А Драко... Драко — это шторм, который она добровольно впустила в свою жизнь. Его колкость, его холодная ярость, его руки, дрожащие после каждого прикосновения к ней, будто он сжигает части себя. Как объяснить это? Как сказать, что он тоже боится — не Пожирателей, а того, что однажды она отвернётся, как все остальные? Как еще сказать, что это «не тот Драко».
«Боже... как сложно».
«Они поймут», — убеждала себя Гермиона, глядя на палящее солнце, сквозь окно. — «Они должны понять». Ведь когда-то Гарри простил язвительность Снейпа. Рон принял Люциуса как необходимое зло. Может, и для Драко найдётся место в этой хрупкой вселенной?
Но голос страха шептал: «А если нет? Если они выберут ненависть, а не тебя?». Тогда она останется на краю времён — ни с друзьями, ни с тем, кто стал... чем-то большим, чем враг. А с тем, кого она любит.
«Пойду. Сегодня. Сейчас. Пока не передумала».
Гермиона замерла на пороге, окинув хижину взглядом: карты на столе, вперемешку с едой, книга на кровати, костюмы Пожирателей валяющиеся на диване.
— Успею, — прошептала себе, будто заклинание. Драко возвращался поздно, поэтому у неё было несколько часов. Она сняла с шеи маховик, и засунула в карман джинс, на всякий случай. Схватила куртку со стула и закинув жвачку в рот, вышла с большой надеждой. С надеждой, что друзья её поймут.
Она шла, оборачиваясь на каждый шорох. Но здесь не требовалось прятаться от Пожирателей — только от самой себя, от страха, что Драко вернётся раньше. И от того, что её кто-то заметит и тогда «всё коту под хвост». Она выплевывала жвачку, заменяя её на новую, потому что вкус исчезал слишком быстро. А ей нужно было это ощущение, будто бы Драко всегда рядом.
Ступала, обходя хрустящие ветки, — он научил её этому: «Шаг в такт ветру, и земля не выдаст».
Преодолев путь, который длился минут сорок, Гермиона прижалась к стволу старого дуба, чья кора въедалась в ладони, словно говорила: «Ты здесь чужая». Вдали, у хижины Хагрида, клубился дым из трубы, а сквозь запотевшее окно виднелись силуэты — огромный Хагрид размахивал руками, рассказывая очередную небылицу. Где-то рядом должны были быть Гарри и Рон. «Они всегда приходили сюда по средам...».

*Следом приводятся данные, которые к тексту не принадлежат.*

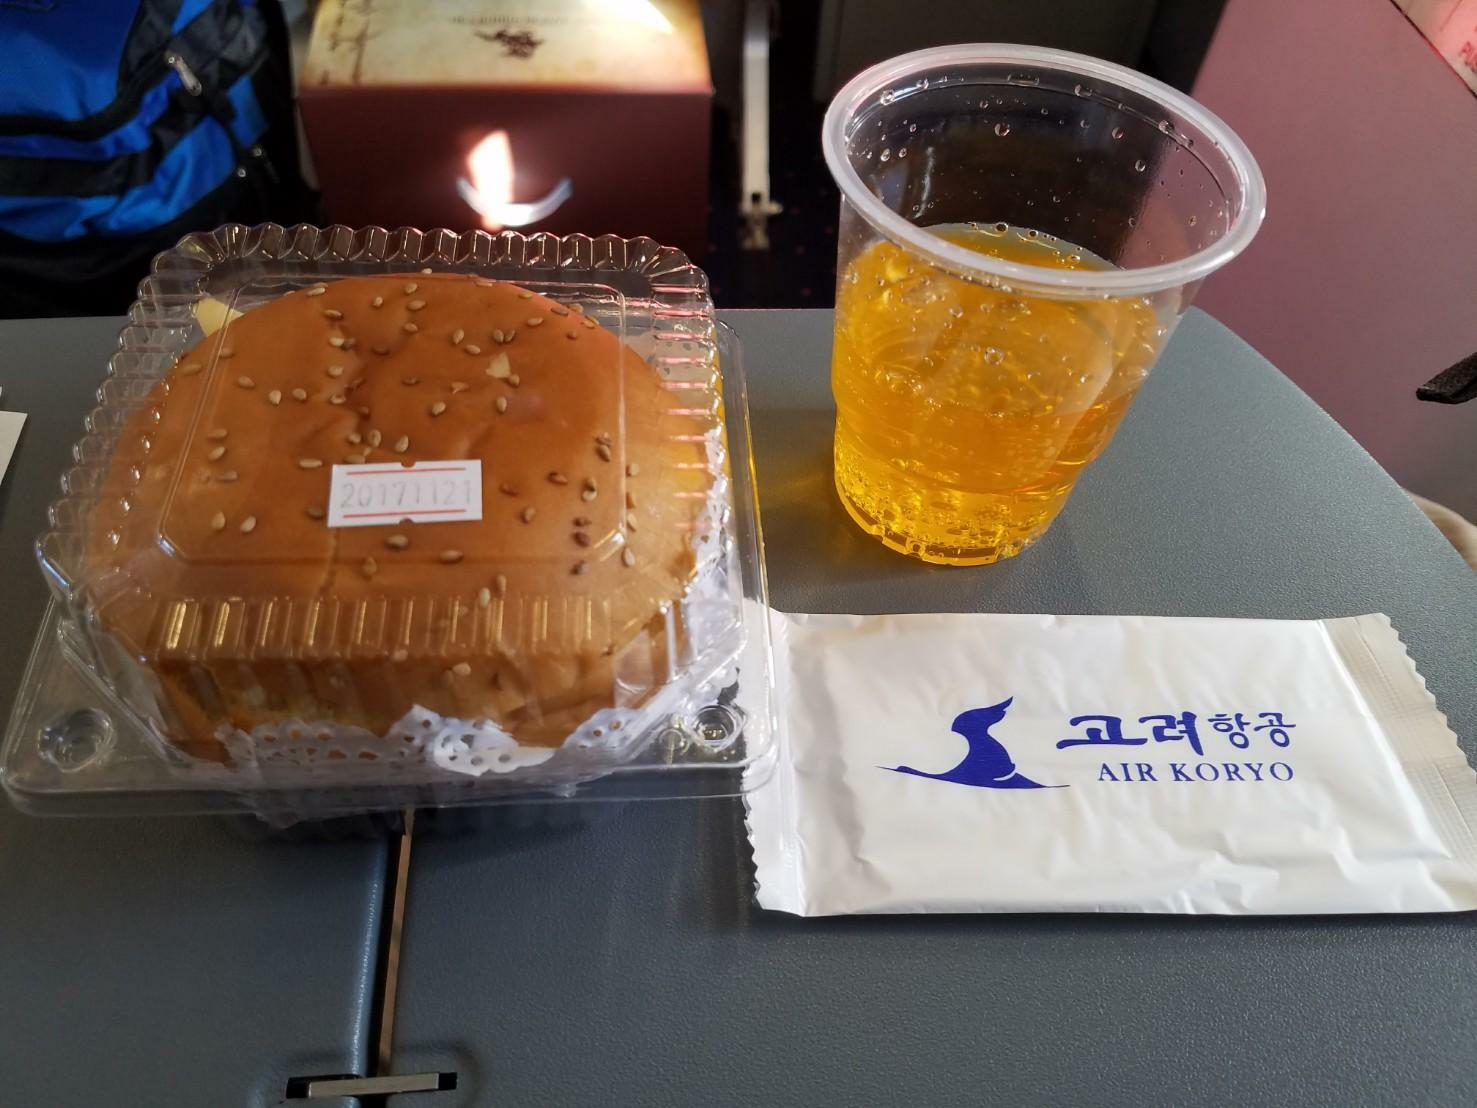 2017年11月、北京から平壌に向かう高麗航空の機内食はハンバーガーだった

Она подобралась ближе, почти за хижину. Запах печёной тыквы и дым, витал в воздухе, смешиваясь с горьковатым ароматом осенних листьев. Гермиона притаилась. Вдали, у круглого окошка хижины, мелькали силуэты — Гарри, размахивающий руками в споре, и Рон, сгорбившийся над тарелкой с чем-то тёмным и дымящимся.
«Они говорят обо мне. Должны говорить. Почему иначе Рон так яростно тыкает вилкой в пирог?». Она представила, как Гарри хмурит лоб, разглядывая её пустое место за столом, как Рон швыряет в стену письмо с печатью Министерства: «Пропала без вести? Да они идиоты!».
Её сердце колотилось в такт стуку молотка Хагрида, чинившего клетку для фестралов. Каждое «тук-тук» будто вбивало гвоздь в крышку её гроба лжи.
— Это всё гребаный Малфой? Он явно забрал её. — донеслось сквозь приоткрытое окно. Голос Рона, язвительный, но с дрожью. — Ты помнишь, как это всё закончилось?
Гермиона замерла. «Нет. Не смейте думать так...».
— Я уже и не знаю, — тихим голосом ответил Гарри.
Между ними затянулась пауза, но не надолго.
— Где еще можно искать? Мы будто бы перерыли всё, что только можно. — Рон швырнул ложку. — Как думаешь, может... она...
— Нет! — Гарри прищурился, глядя на Рона. — Даже не смей думать об этом!
Сердце в горле. Гермиона вжалась в тень. Каждое их слово отзывалось болью. Она видела, как Рон нервно теребит шрам на руке — новый, ещё розовый. «Откуда?». Гарри держал её рюкзак — тот самый, с вышитой совой. Значит, искали. «До сих пор ищут».
— Помнишь, как она вцепилась в того тролля? — вдруг усмехнулся Рон, ломая хлебную палку. — Кричала: «Это не мозг, это камень!»
— А потом обвалила ему на голову люстру, — Гарри хмыкнул, но в глазах не было смеха. — Она всегда... возвращалась.
Гермиона сглотнула ком. Даже сейчас, они верили. А она стояла здесь, в паре шагов, как предательница.
Сумерки окрасили Хогвартс в сизые тона, а воздух звенел от предзимнего холода. Гарри и Рон вышли из хижины Хагрида, кутаясь в шарфы, их голоса растворялись в парах дыхания.
И тут — шорох. Треск веток. Они обернулись, палочки наготове, но вместо опасности увидели её.
Гермиона выбежала из-за дуба, словно материализовавшись из самого мрака. Волосы — взъерошенные, джинсы и кроссовки слегка пыльные, куртка на распашку, лицо — бледное, но глаза горели, как два угля, выхваченных из костра.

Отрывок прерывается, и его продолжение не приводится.